There was a silence. Círdan searched his eyes. After a time a vision came to him, small and dark but terribly clear. His breath quickened and his heart pounded painfully. Suddenly the vision bloomed, and Círdan found himself in a strange place, strange but terribly familiar. Bodies of Men and of Elves, cruelly hewn, lay all about. A vast threatening figure clad in black armor stood not ten paces away, facing him, a huge mace in his hand. Fear boiled from him like heat from a vast forge, and upon his mace-hand a great Ring glowed, red script shining with piercing clarity upon its hot gold. Círdan trembled, and, momentarily unmanned, made to turn back. But he was not alone. He felt a hand upon his left shoulder and a voice said, “Termáre, melda atto!” His foster-son Gil-Galad stood there, resplendent in his silvery armor and wielding his deadly spear, and with him was Elrond, his face set in determination. Glancing to his right, Círdan saw Elendil and his mighty son Isildur, fiery swords at the ready. His courage returning, he faced his adversary once more.

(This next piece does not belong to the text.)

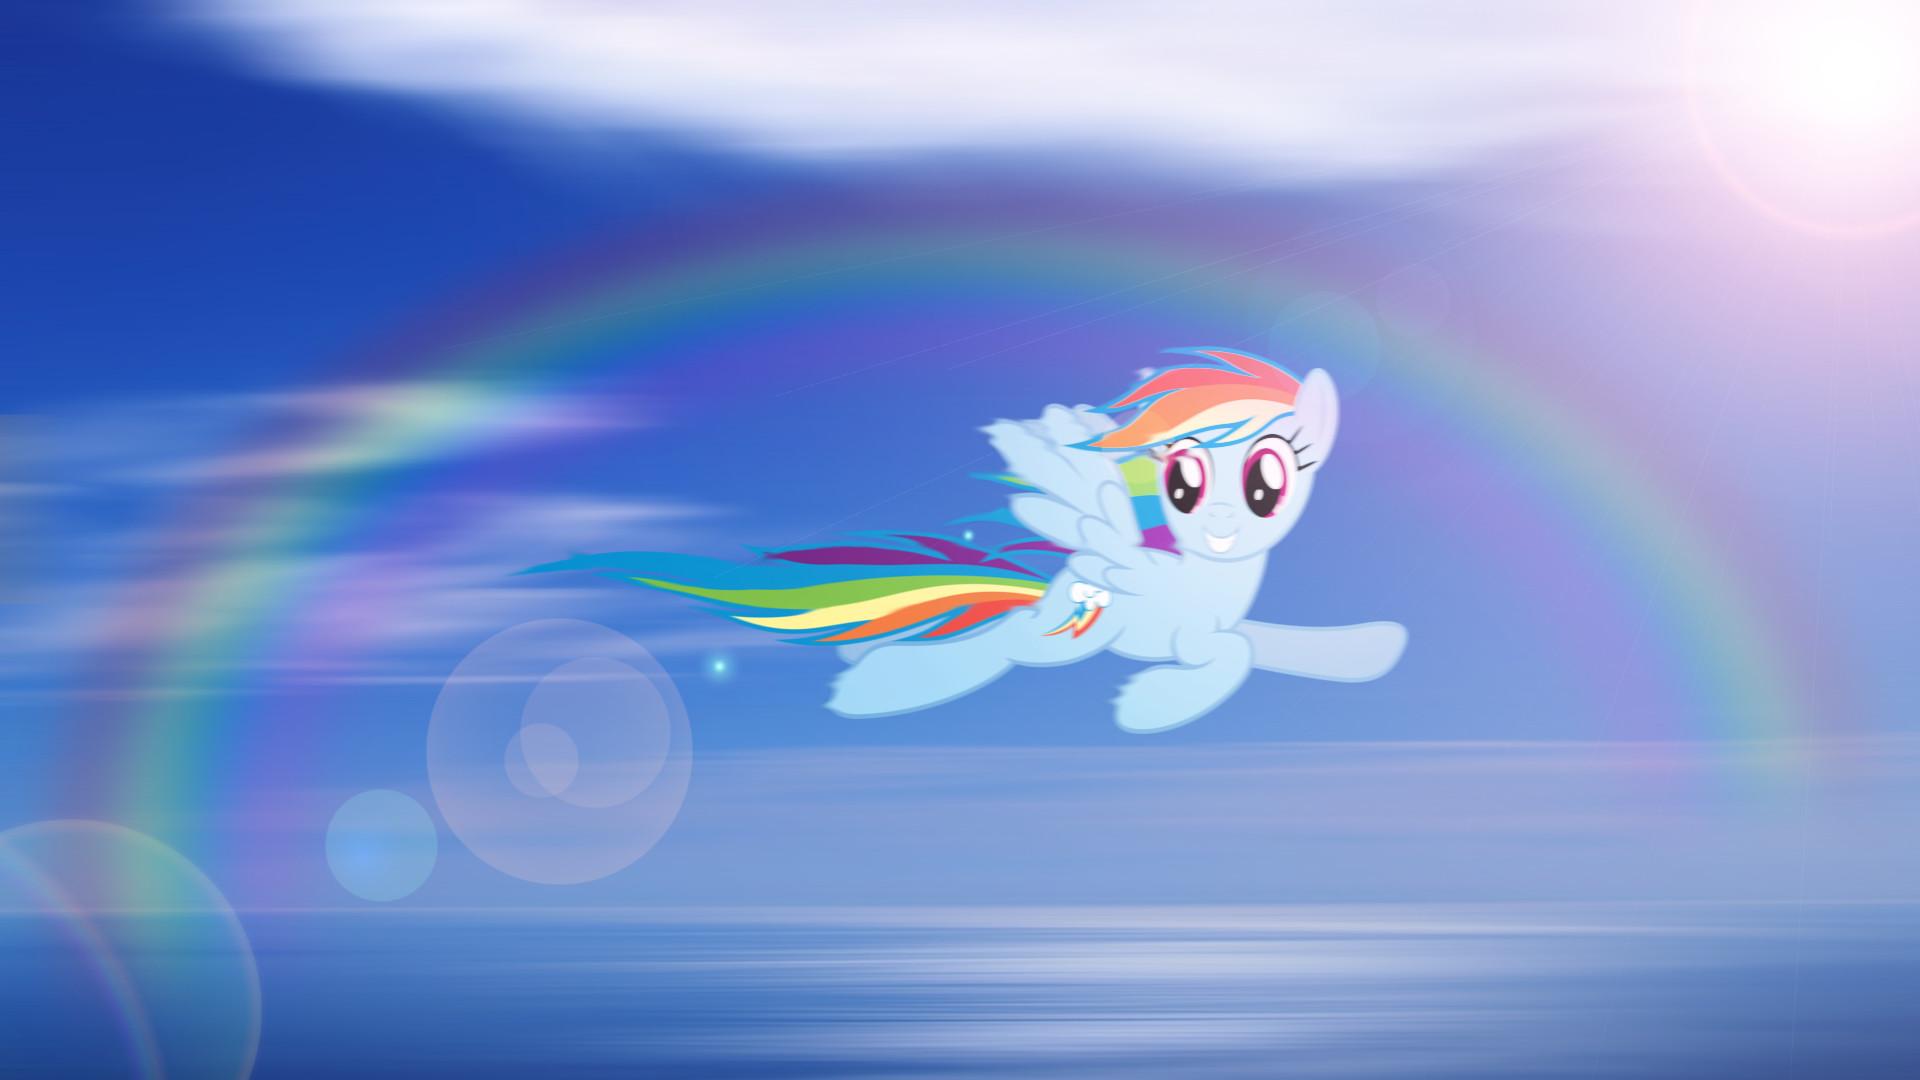 Rainbow Dash HD Wallpaper by TheArsonistMonkey on DeviantArt
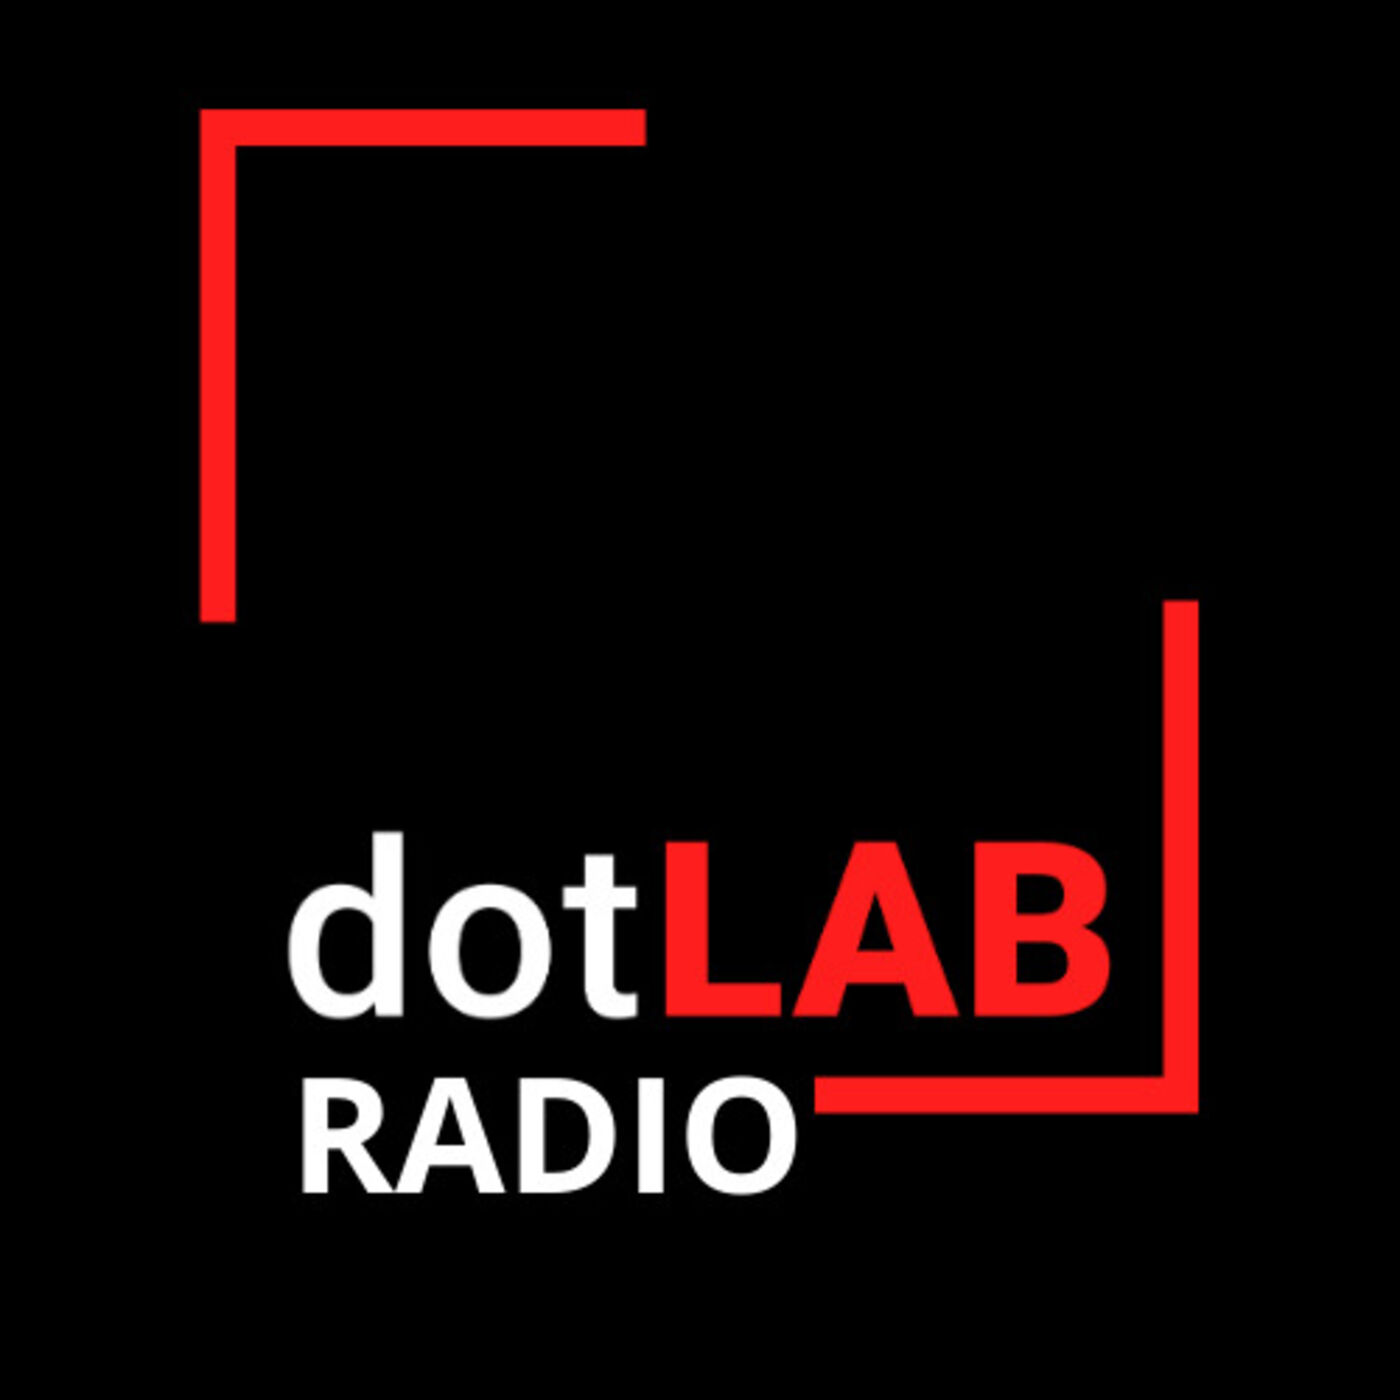 dotLAB Radio

Fierce cries rose behind them, but they did not turn back. Repeatedly Elendil feinted, then withdrew, seeking to fixate Sauron upon himself while Gil-Galad, Círdan, and Elrond readied a charge. Immediately Isildur was at his side, then ahead of him, striking and withdrawing, then striking again, but each time his sword rang and glanced aside. Sauron dropped his fighting stance, leaned upon his mace, and laughed. “What hurt dost thou think to do to me, thou worm, forgotten remnant of a mongrel race?” he said. Then turning to the others, “Verily I marvel at thy foolishness! Long years thou might yet have enjoyed in peace, but instead thou comest to pollute my doorstep with thy blood. So be it! But wilt thou not hearken unto thy kin, who even now writhe in an agony that only thy own arrogance could have contrived? Look back!”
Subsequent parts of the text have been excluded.